The young man speaking to the high school students told us he had been a drug user and had contracted HIV from dirty needles. As a youth minister I had read about AIDS and after he spoke I strode over to him to shake his hand and thank him for his courageous and touching testimony. He was surprised at my outstretched hand. “Most people avoid touching me,” he said, “fearing catching the disease in a handshake.” We spoke for a few minutes and then he left and I resumed my seat, waiting to applaud my son.
The next weeks saw a furor in the community. The alarm was sounded by two mothers who had left the assembly in the middle of the young man’s speech, upset that school administrators had allowed such information to be offered to students. In those days many people thought of AIDS only as a homosexual disease and so the fear behind the anger in the community was aimed at homosexuals as well as AIDS. Rumors ran wild about what was said at the school assembly. Leaflets on homosexual relationships, with pictures that would make a hardened criminal blush, were passed around in churches. The School Board was contacted and a meeting was scheduled to be held at the middle school cafeteria because it would be large enough for the crowd.

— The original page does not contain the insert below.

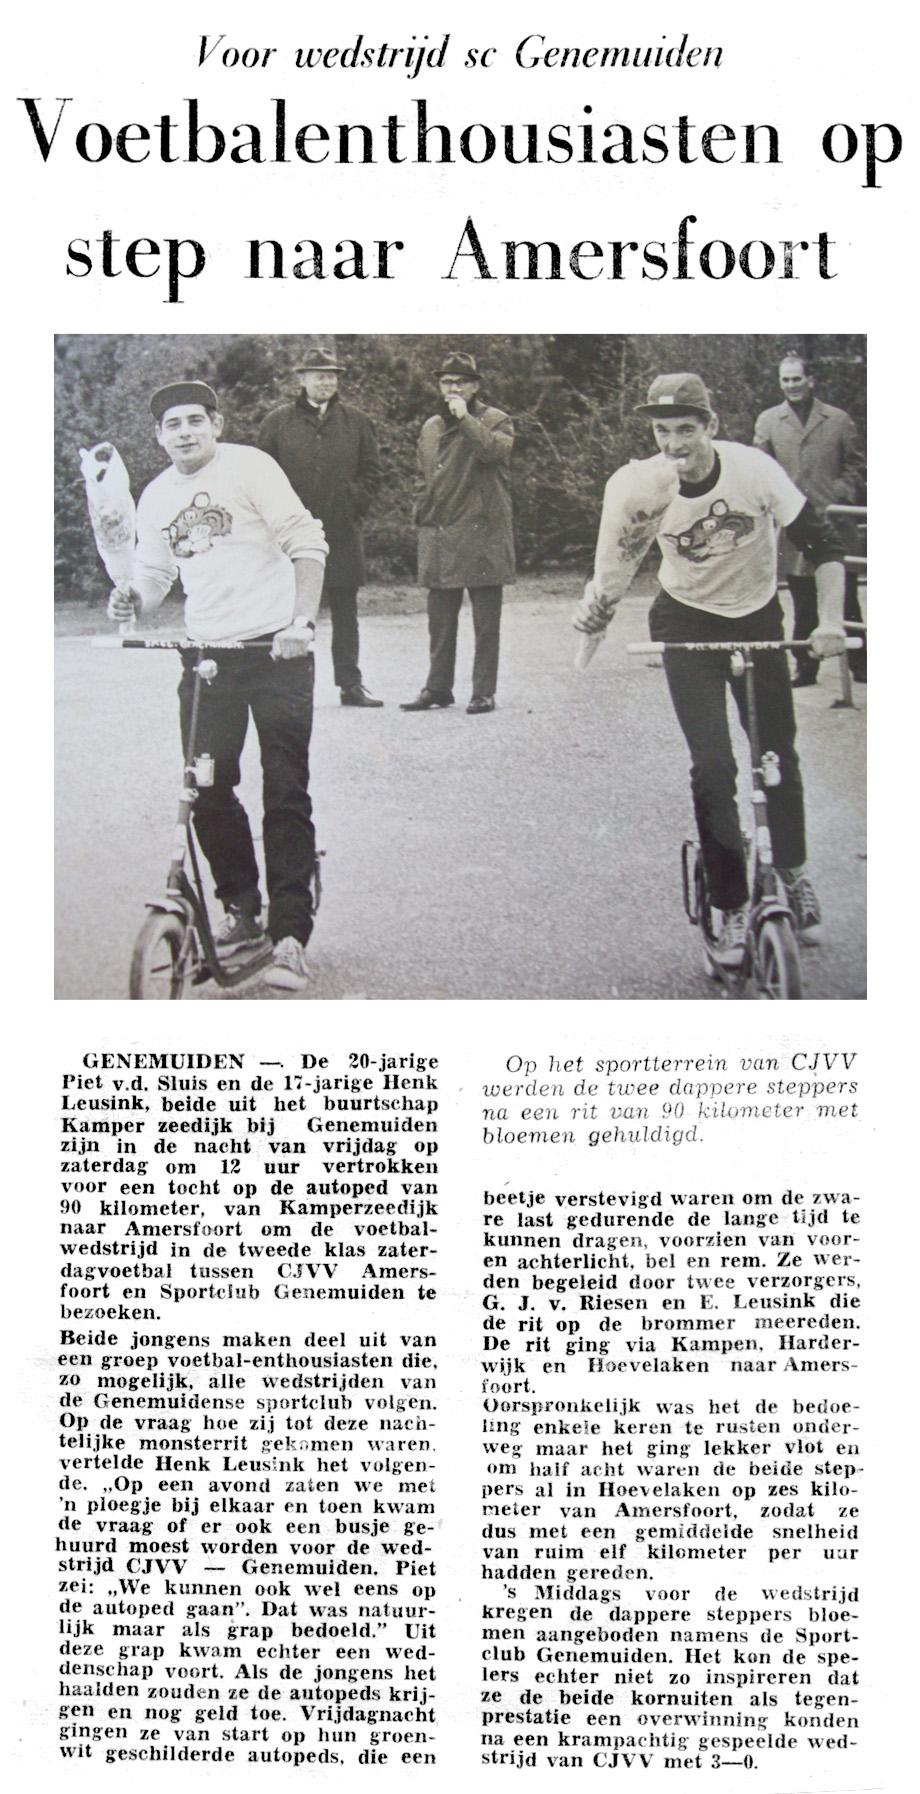 1967-steppen

I knew that I needed to attend the school board meeting, although I dreaded facing my neighbors and friends in their fear. I had heard the young man speak. I didn’t have to rely on hearsay. In my heart I hoped I could bring truth to calm the fever of the community. I prayed for grace and love to be evident in whatever I might be led to say.
Many people spoke in ignorance of what had actually been said at the assembly. There were many homophobic comments. I came to the microphone to bear truth about the young man’s speech and my understanding of who we were as a community of mostly Christians. I looked out on the faces of the crowd. Among them were most of the pastors of the associational churches I served.
I told the gathered group that the young man said he had contracted HIV from drug needle use. There had been no lecture on homosexuality. I had not heard this young man say students needed to use condoms. Further, I found this young man to be a person seeking to do something positive with the days he had left, warning students not to follow the path he had taken. Then I said, “My faith teaches me that when a person turns his life around and seeks to make amends, he is moving toward God. He should be encouraged.”
The crowd was silent for a moment. Then a woman from the back, who knew me, hollered out accusingly, “Janet, if your son was having sex would you buy him condoms?” The eyes turned back to me. I stated, with amusement, “If anyone ever told me I would stand in front of a crowd like this and discuss condoms, I would not have believed it!” The room broke up in laughter and the school board chairman regained control and concluded the meeting. A few days later I was asked to come to the associational office for a meeting. I went to face four pastors in leadership in the association. None of them had seminary training. They proceeded to question my education and my faith by asking questions like, “Who wrote the first five books of the Bible?” I tried to move the discussion to passages like Galatians’ list of the fruits of the Spirit but they would have none of it. At the end of their interrogation they looked at one another and then at me. “You are no longer allowed to serve in any capacity in our association, including the women’s groups.” Effectively, I had been “churched.”
In the following days this group of men and their followers enlisted one of their own to run for school board. They wanted to clear the schools of administrators and teachers that would allow assemblies that talked about AIDS. I found I had a lot of free time on my hands, and, while I had been calm in my talking at the school board meeting and with the associational leaders during their interrogation, I was angry. I decided to run for school board.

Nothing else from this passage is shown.